RECORDS FOR THIS EXERCISE =
* * * *
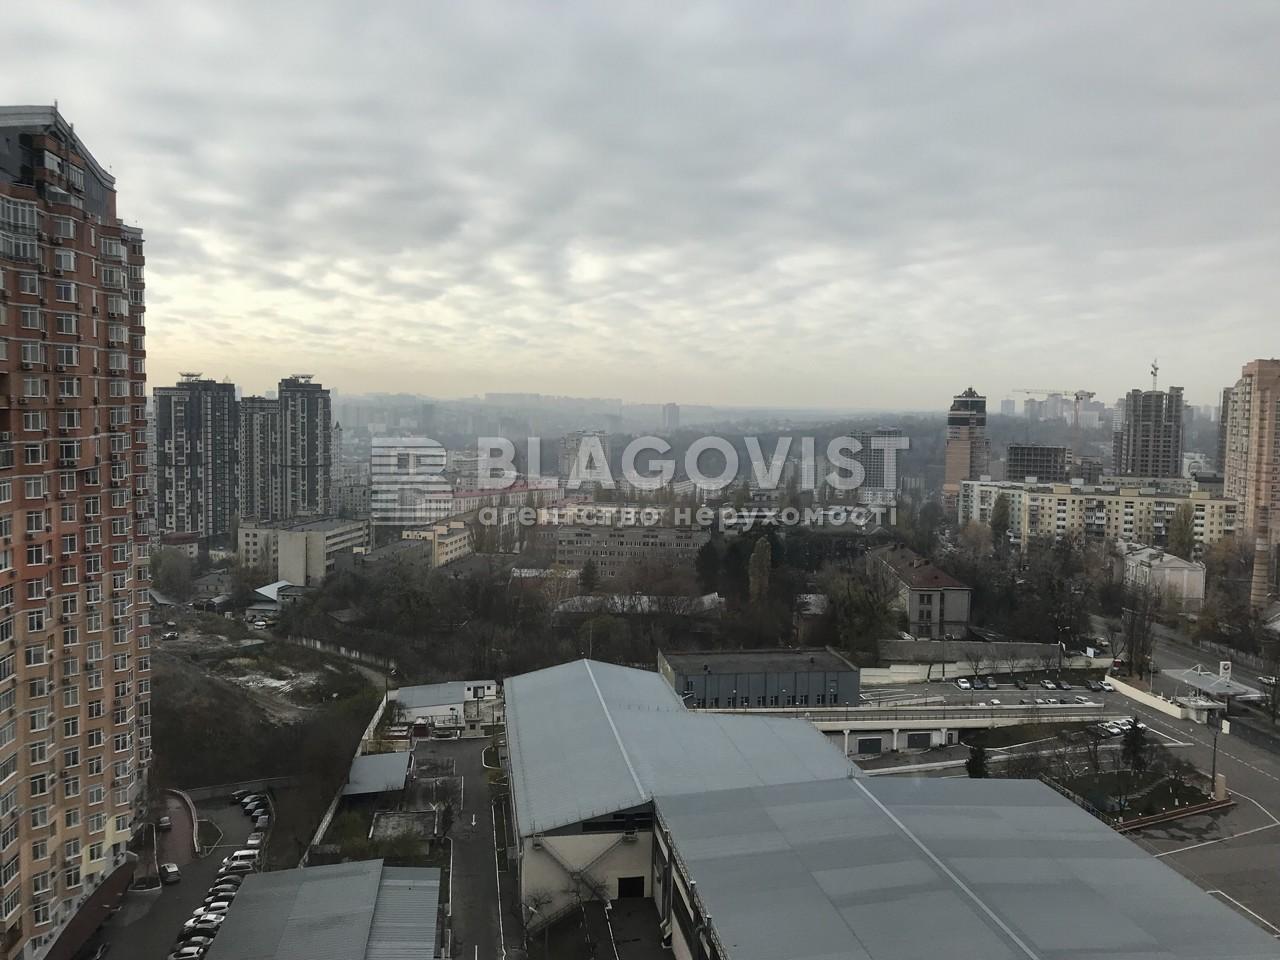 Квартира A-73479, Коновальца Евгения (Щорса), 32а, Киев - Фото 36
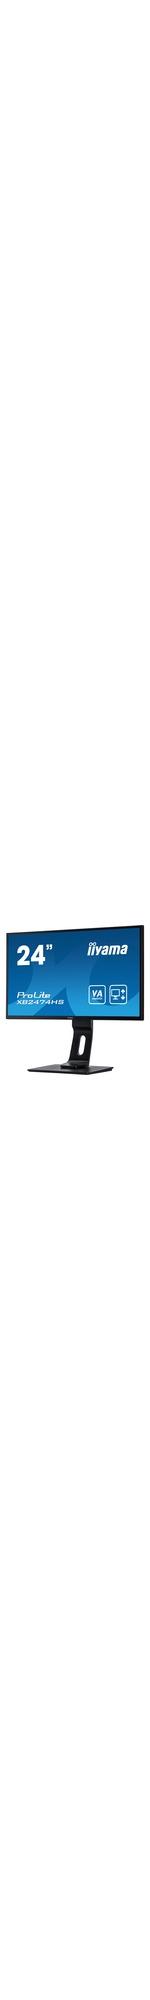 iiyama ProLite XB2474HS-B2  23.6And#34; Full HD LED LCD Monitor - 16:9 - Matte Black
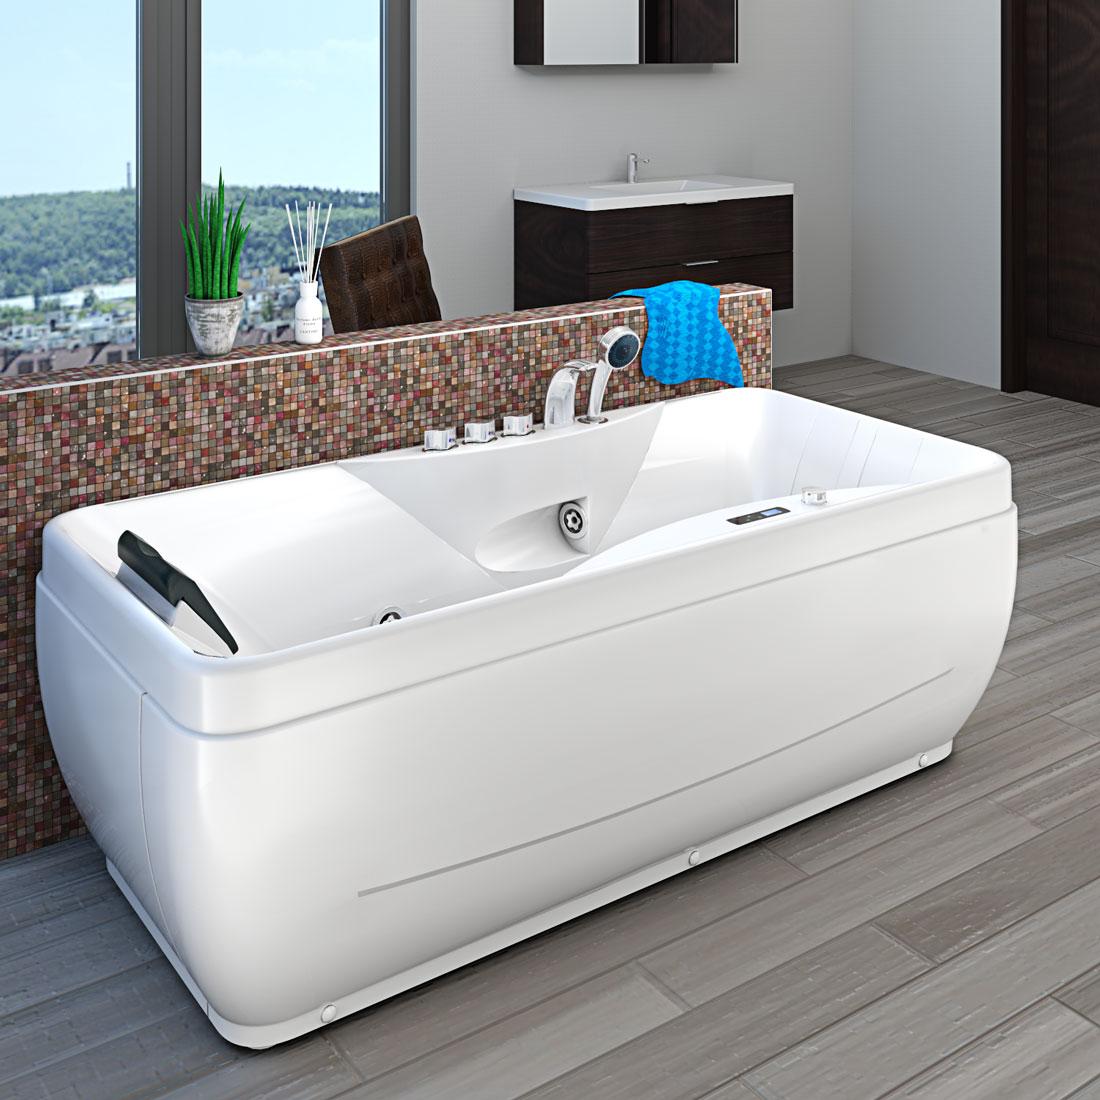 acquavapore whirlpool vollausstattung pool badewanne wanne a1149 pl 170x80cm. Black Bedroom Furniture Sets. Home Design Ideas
* * * *
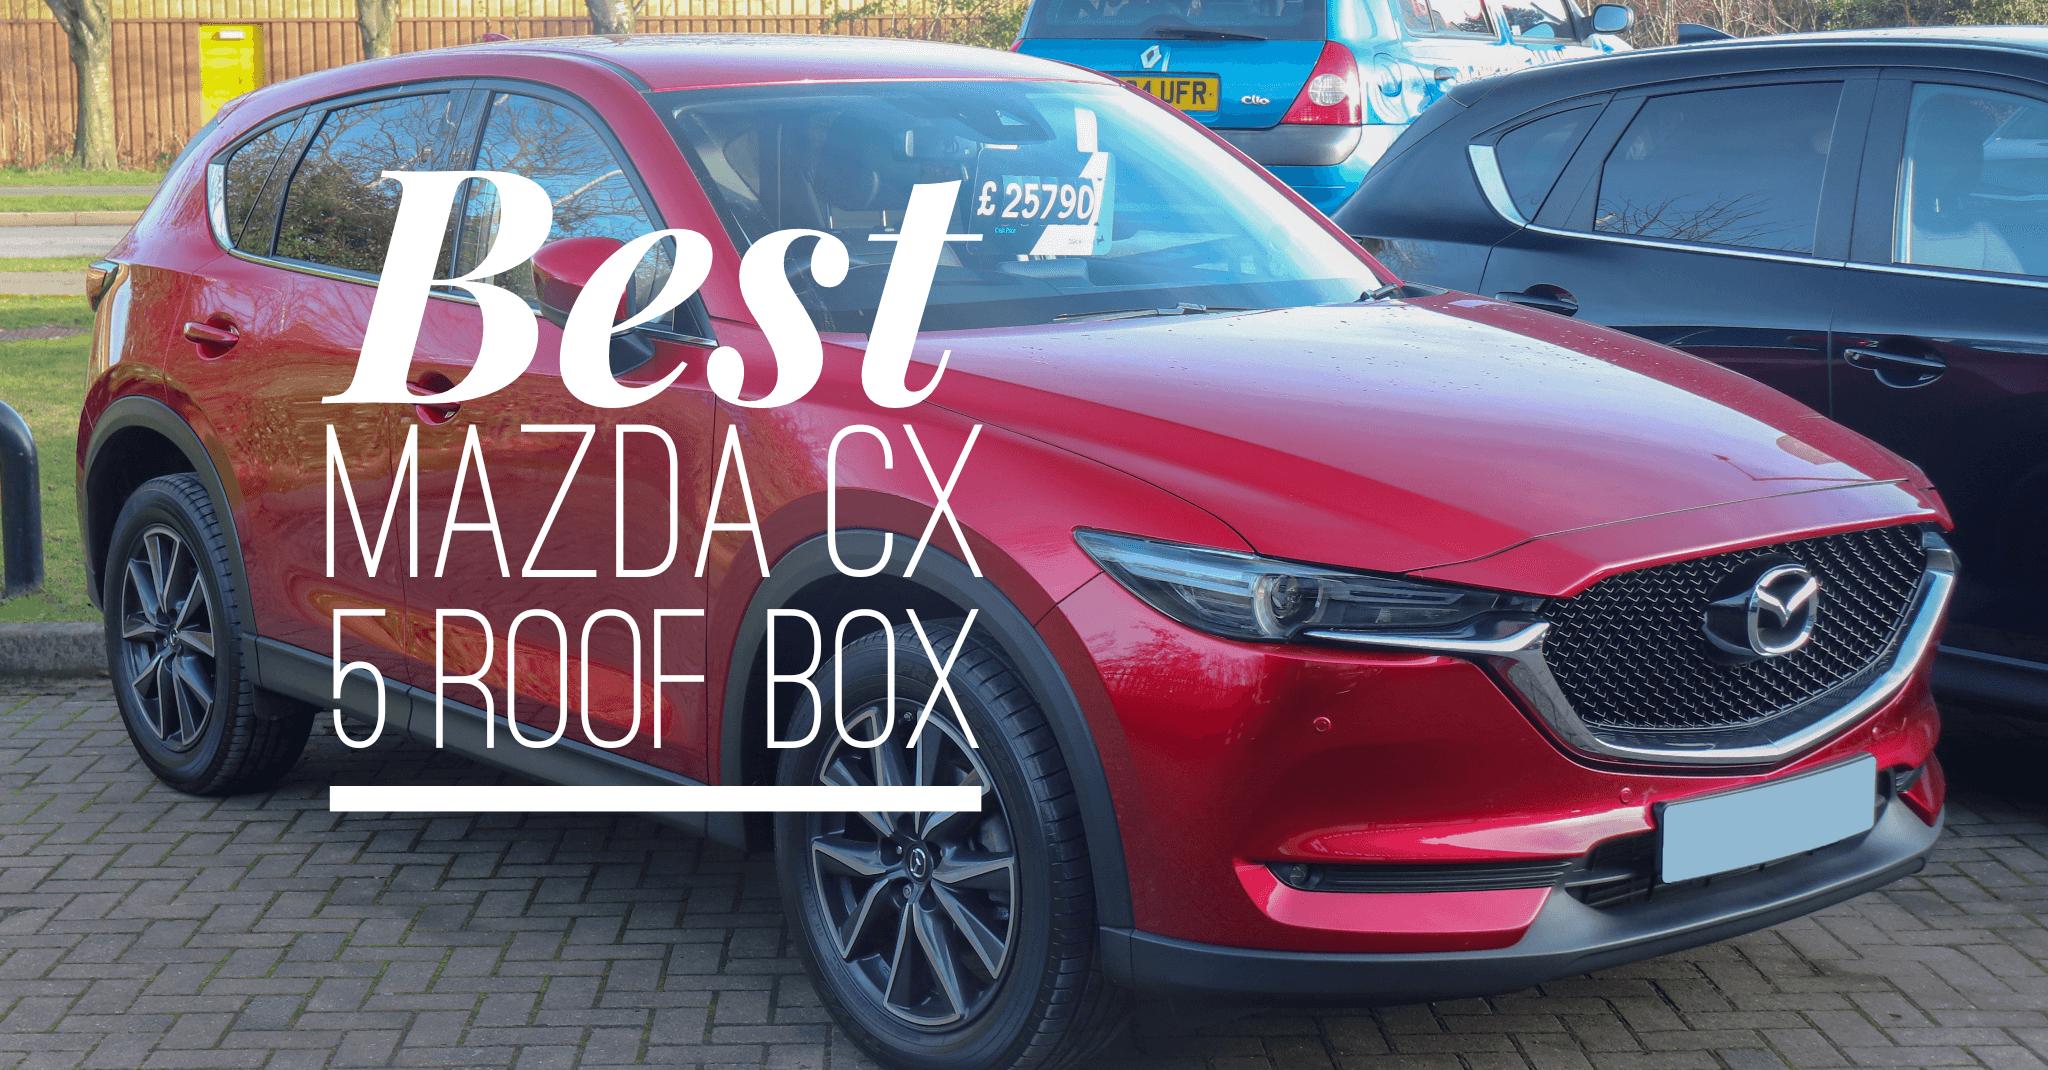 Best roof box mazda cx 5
* * * *
Take the material above from the line bearing "Квартира A-73479, Коновальца" through the line bearing "acquavapore whirlpool vollausstattung" and write it out exactly, both end lines included. Pictures stay out.

ANSWER =
 Квартира A-73479, Коновальца Евгения (Щорса), 32а, Киев - Фото 36
 iiyama ProLite XB2474HS-B2  23.6And#34; Full HD LED LCD Monitor - 16:9 - Matte Black
 acquavapore whirlpool vollausstattung pool badewanne wanne a1149 pl 170x80cm. Black Bedroom Furniture Sets. Home Design Ideas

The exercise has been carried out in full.